=== Section Start ===

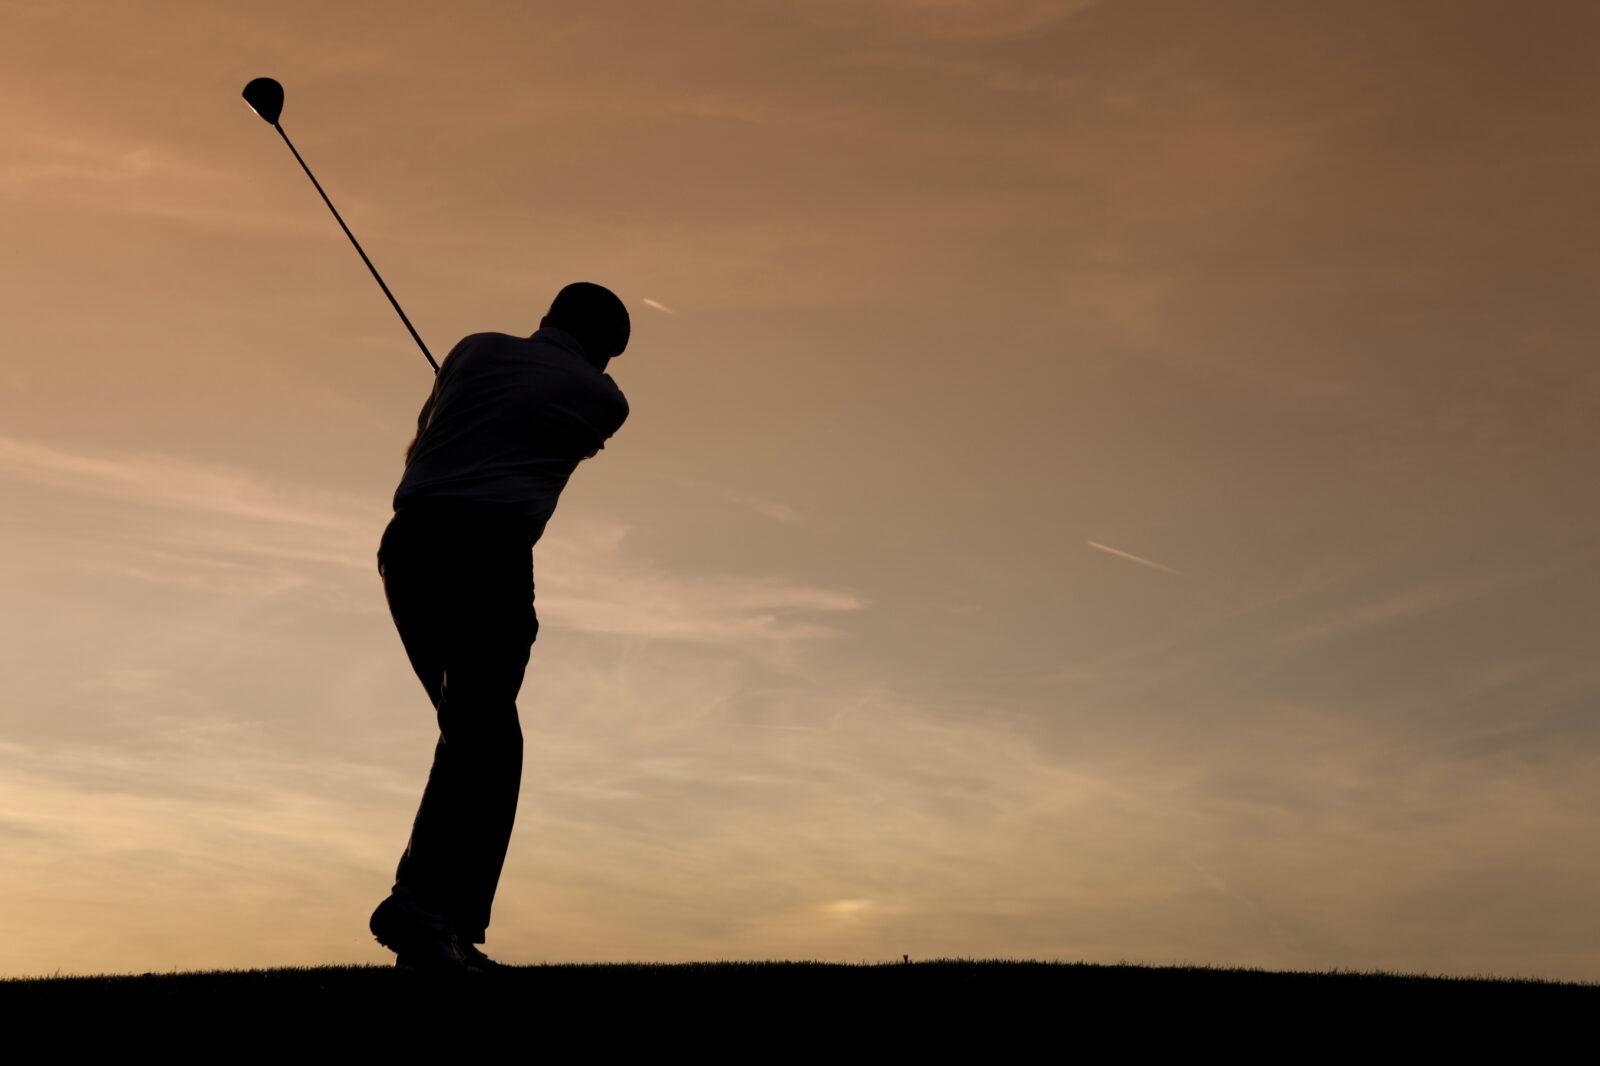 golfer-truepoint-e1570996911235
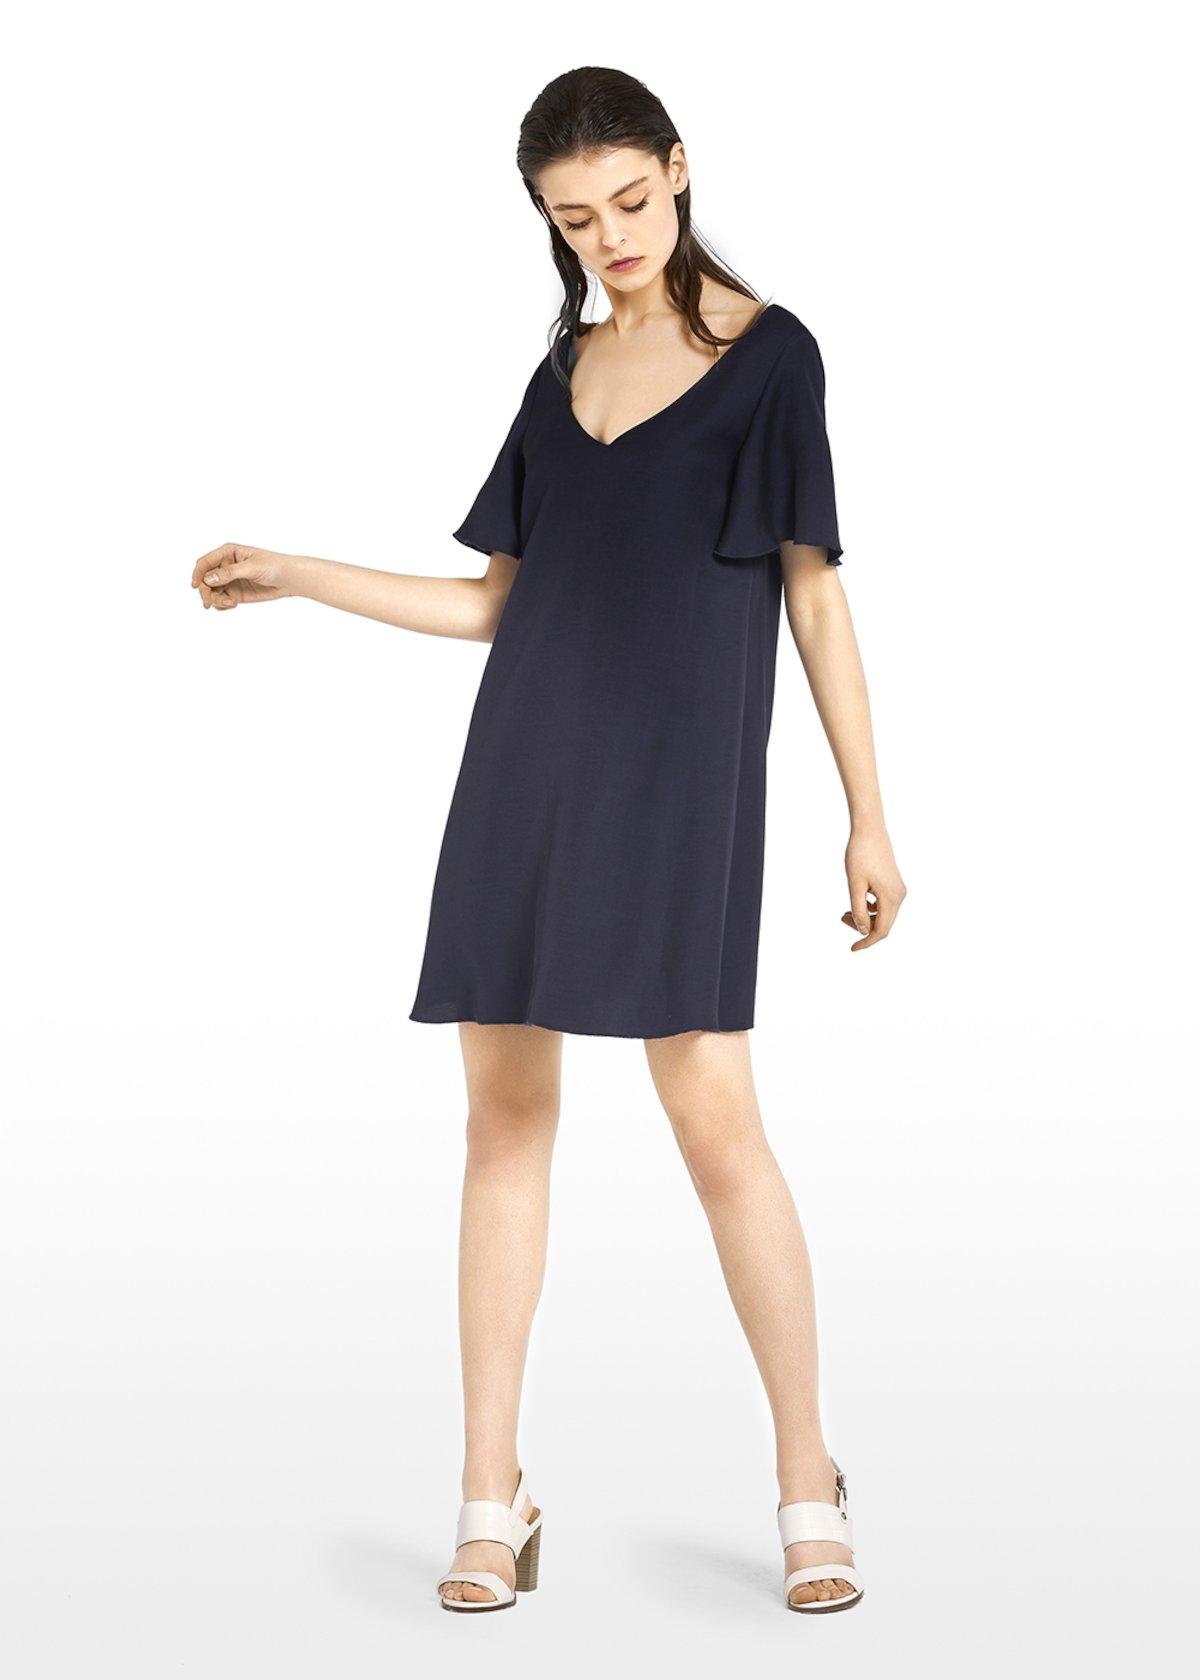 Agadir dress in linen blend with ruffles at the cuffs - Medium Blue - Woman - Category image
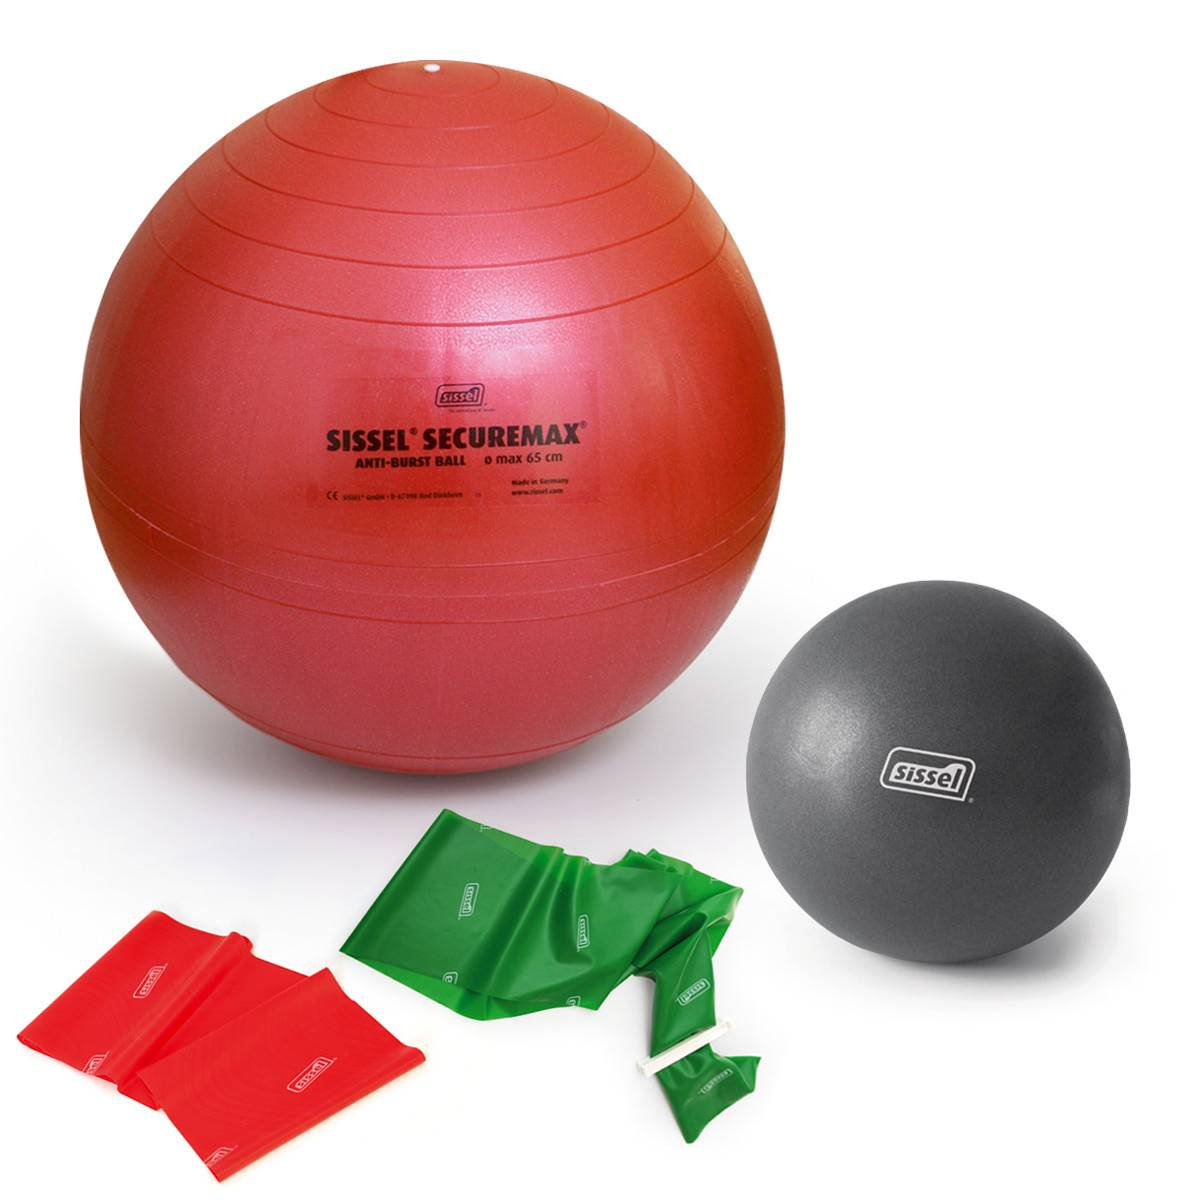 sissel kit pilates con giorgia 3: soft ball - fitball - fitband

=== Section End ===

Work instruction
Please reproduce the lines above from the one containing "Agadir dress in" through the final line, exactly and inclusively, leaving out each picture.

Exercise response
 Agadir dress in linen blend with ruffles at the cuffs - Medium Blue - Woman - Category image
 sissel kit pilates con giorgia 3: soft ball - fitball - fitband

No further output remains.